天然記念物というと動植物のイメージが強いものですが、地質や鉱物の中にも指定されているものがあります。これらの中には何百万年といった気が遠くなるような時間をかけて作られたものもあり、非常に貴重なものとなっています。
日本では17の地質・鉱物が特別天然記念物に指定されています。おさらくもっとも有名なのが山口県の秋吉台にある鍾乳洞でしょう。全国的に知られ、観光名所にもなっています。おなじく山口県にある「秋芳洞」も有名です。
ほかには長野県の白骨温泉にある噴湯丘と球状石灰石や秋田県の多摩川温泉にある北投石もよく知られた天然記念物でしょう。

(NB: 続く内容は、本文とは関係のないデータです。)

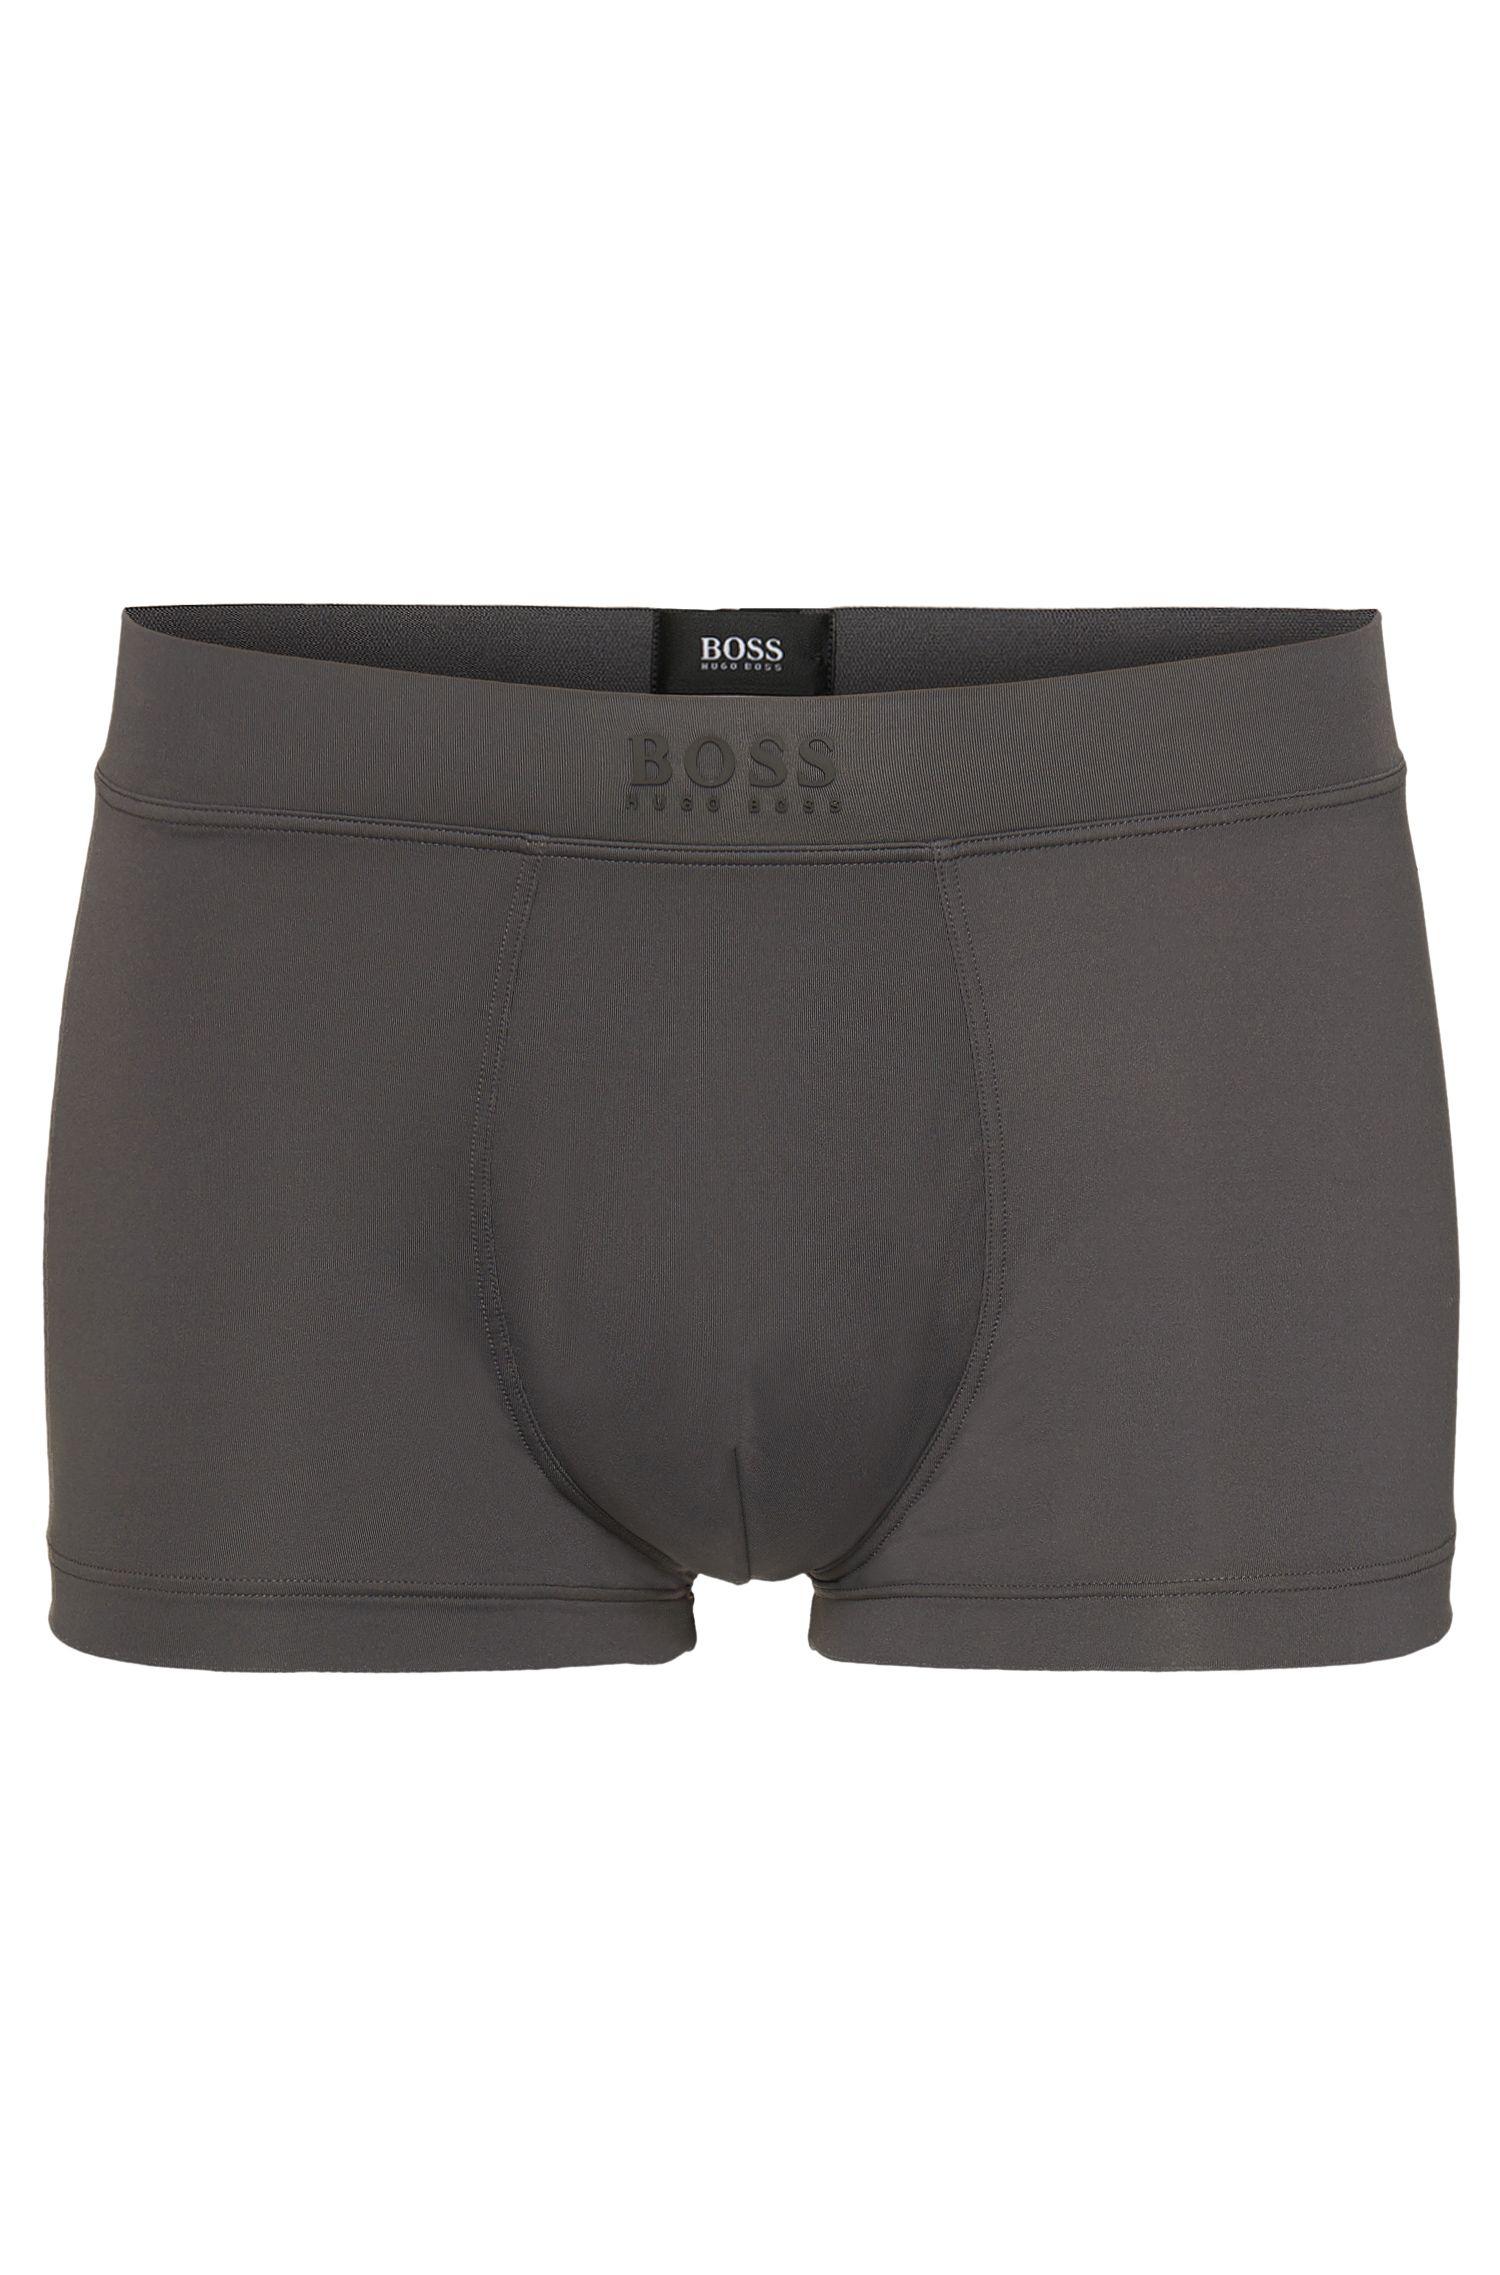 Calzoncillos boxer de tiro normal en tela elástica de BOSS Hombre
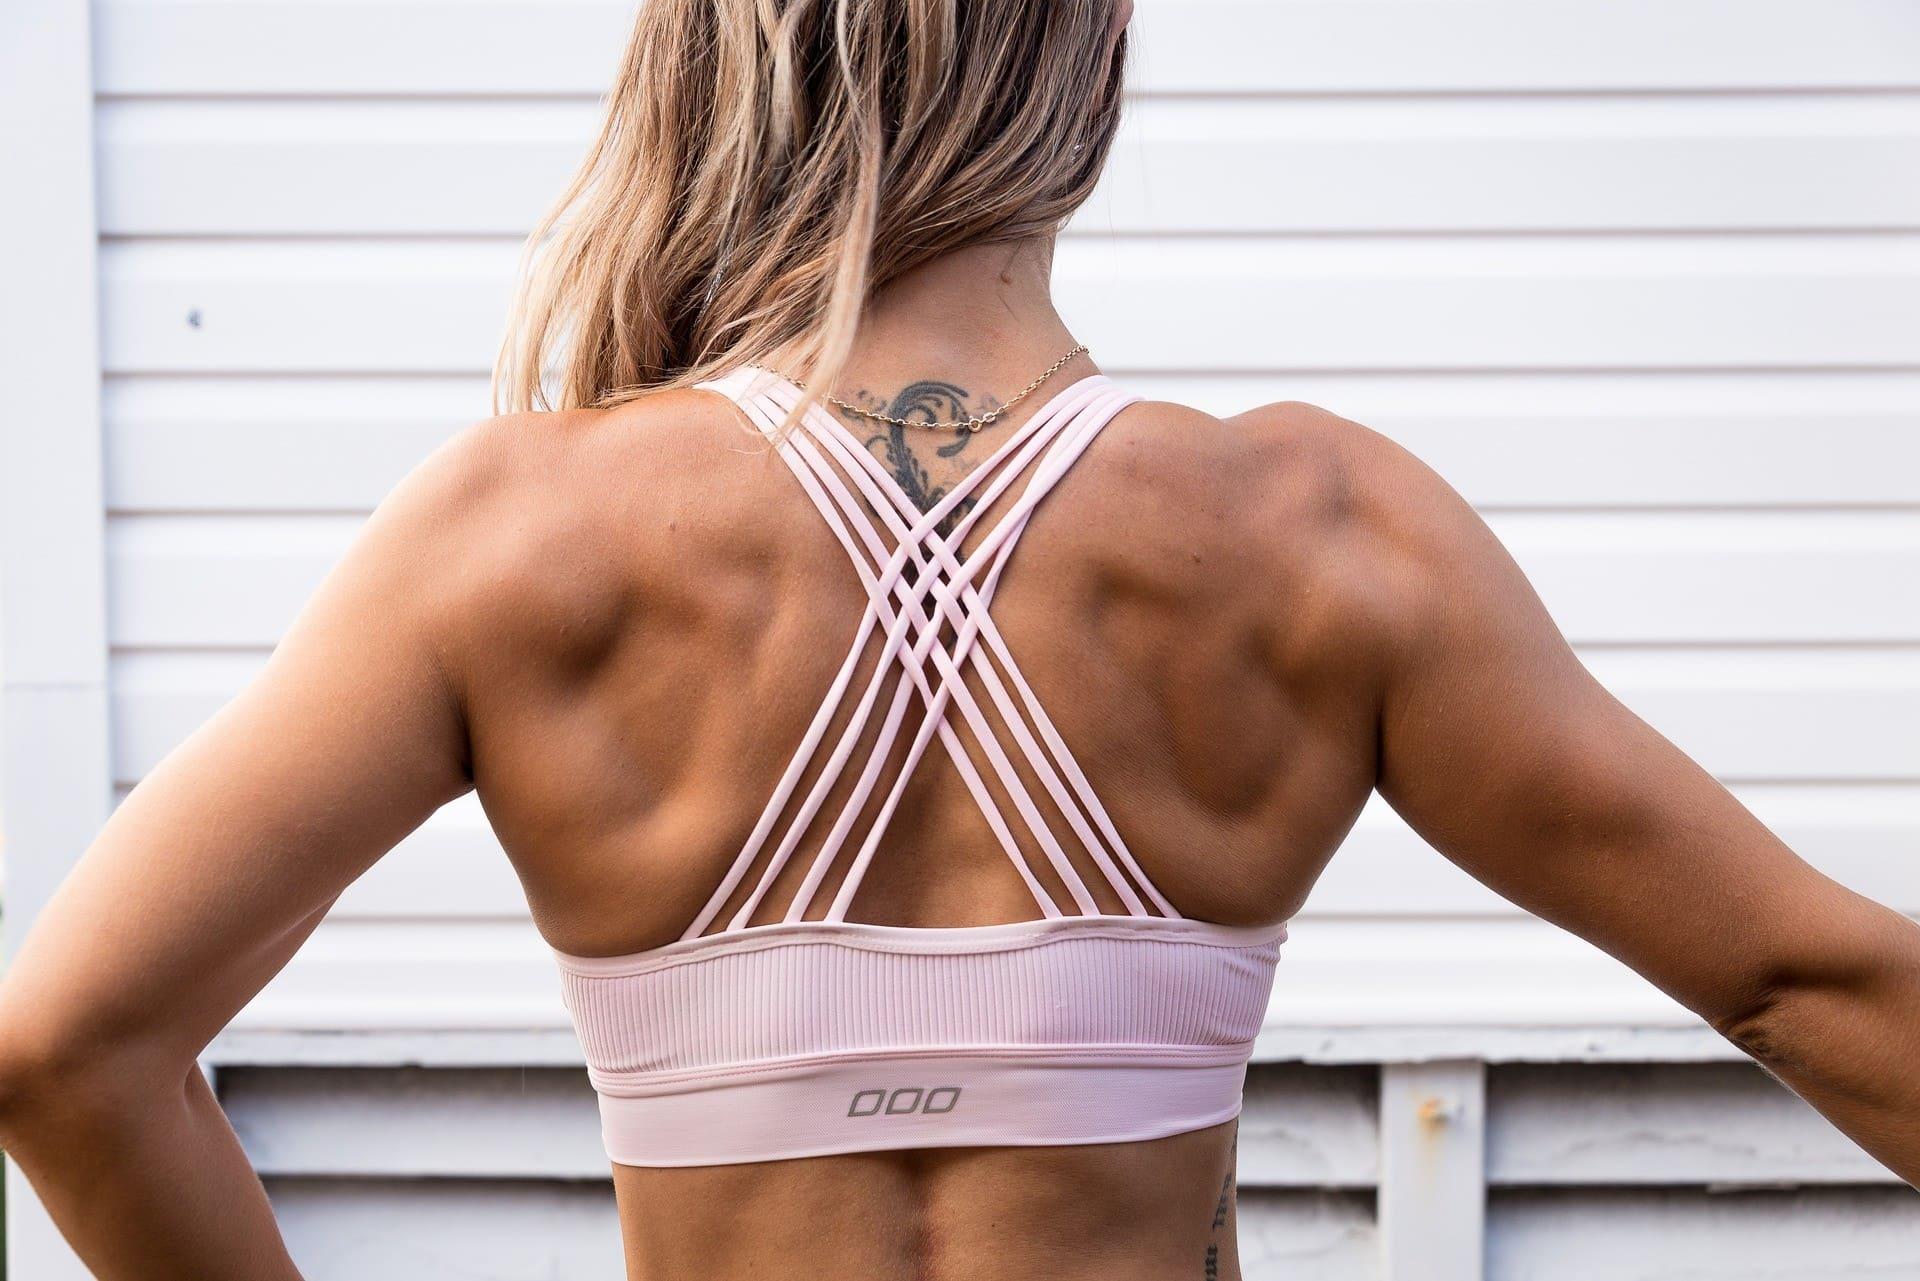 Gute Selbstmotivation: 5 Wege, um dich jeden Tag selbst zu motivieren

さらに岐阜県の「根尾谷断層」「根尾谷の菊花石」、山梨県の「鳴沢熔岩樹型」、島根県にある「大根島の熔岩隧道」、宮城県の「鬼首の雌釜および雄釜間歇温泉」、愛媛県の「八釜の甌穴群」、岩手県の「根反の大珪化木」、富山県の「魚津埋没林」、群馬県の「浅間山熔岩樹型」、埼玉県の「御岳の鏡岩」、岩手県の「夏油温泉の石灰華」「焼走熔岩流」、 静岡県の「湧玉池」などが天然記念物に指定されています。
日本といえばいわずとしれた火山国。豊かな温泉からも理解できるように、多彩な自然光景に恵まれた国です。それだけに、こういった地質・鉱物の天然記念物も多数あります。大自然の驚異ともいえるこれら天然記念物。人間の手では決して生み出せないものだけに、動植物同様大事にしたいものです。